I'd like to protect against unauthorised system extension teardown that are triggered by the container application following this command:

self.deactivationRequest = 
        OSSystemExtensionRequest.deactivationRequest(
                    forExtensionWithIdentifier: extensionIdentifier, queue: .main)
self.deactivationRequest!.delegate = self
OSSystemExtensionManager.shared.submitRequest(self.deactivationRequest!)

Is there a callback in the endpoint extension code, that can be invoked upon this deactivation request, and may block/allow it ?

thanks

CodePudding user response:

There is no public API to control the system extension deactivation with EndpointSecurity or inside sysext itself (activation and deactivation management, I think, is a job for some daemon, like sysextd).

I could advice to try two approaches for your case:

  1. You may still be able to deny deactivation with EndpointSecurity, just not in direct way. To deactivate sysext the responsible processes would do a lot of stuff, including opening some specific files, reading them, etc. In case you are lucky, you may be able to fail the deactivation process by blocking one of such operations before it really deativated. However, the context of operation (how do you know the target is your extension) may vary and be less than you need.

  2. You may intercept the OSSystemExtensionManager.shared.submitRequest call inside your application, and add some condition to really call original method from interception method. The interception for submitRequest will be a swizzling. Or you can place an old good hook on something deeper, like xpc_* stuff, and filter your deactivation request by some unique string from request, also calling original method only on some condition.

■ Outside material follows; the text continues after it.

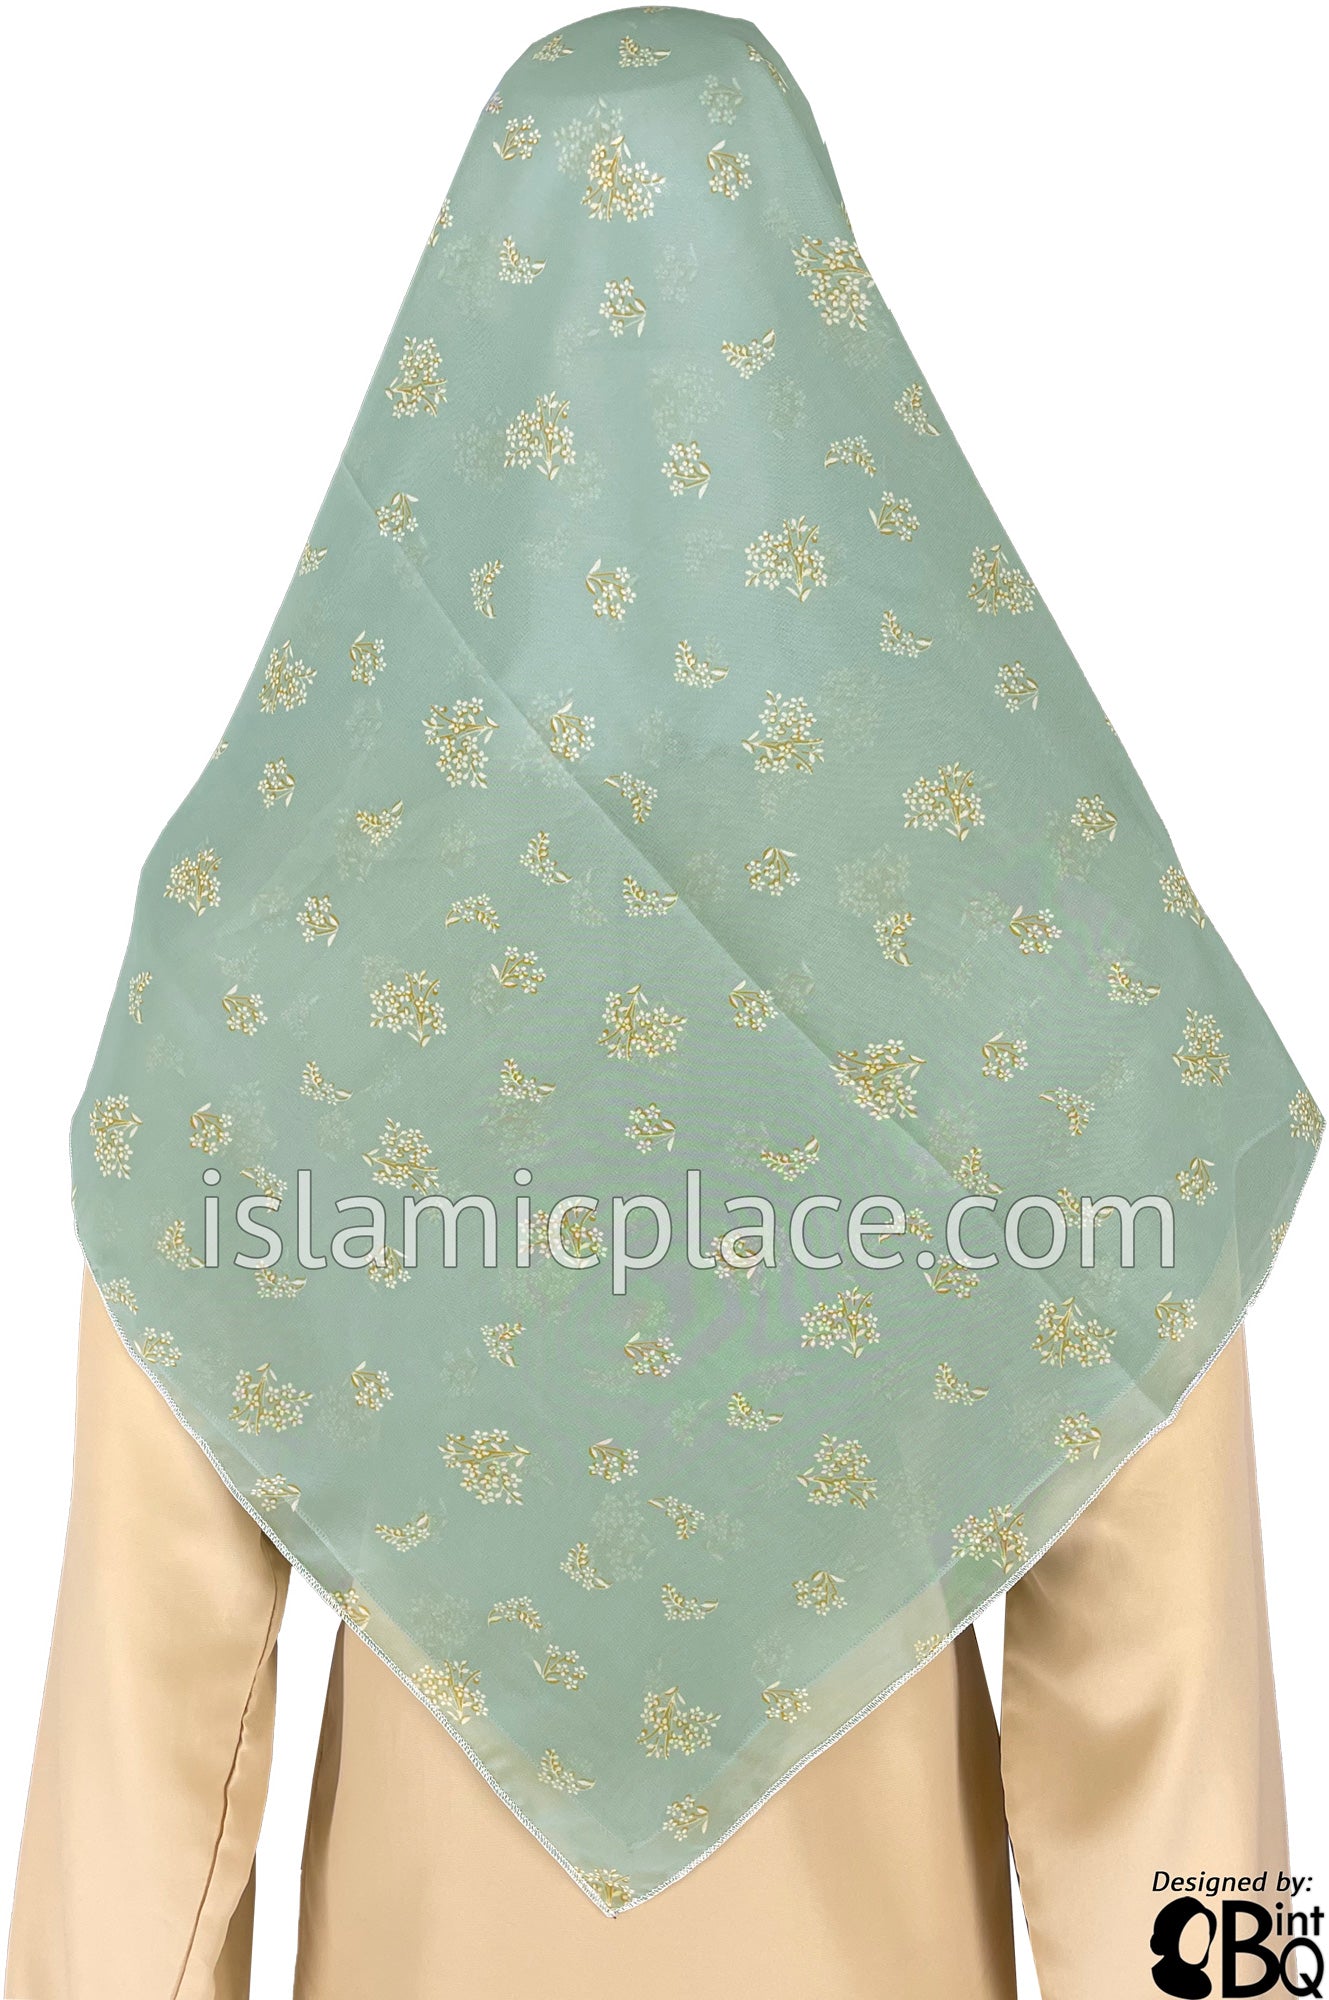 Mustard and White Flower Bunches on Gray - 45" Square Printed Khimar

Both ways are not bulletproof from perspective of tampering protection ofc, but nothing really is, we just requesting additional efforts from hacker.

If you haven't disabled library validation for your app, there are two ways of tampering it: either turning SIP off, or using some 0-day system breach. You can't really protect your app from such treats: 0-days are new, you don't know what it may be, and with SIP off the one may unload/disable/alter all possible kinds of protection stuff.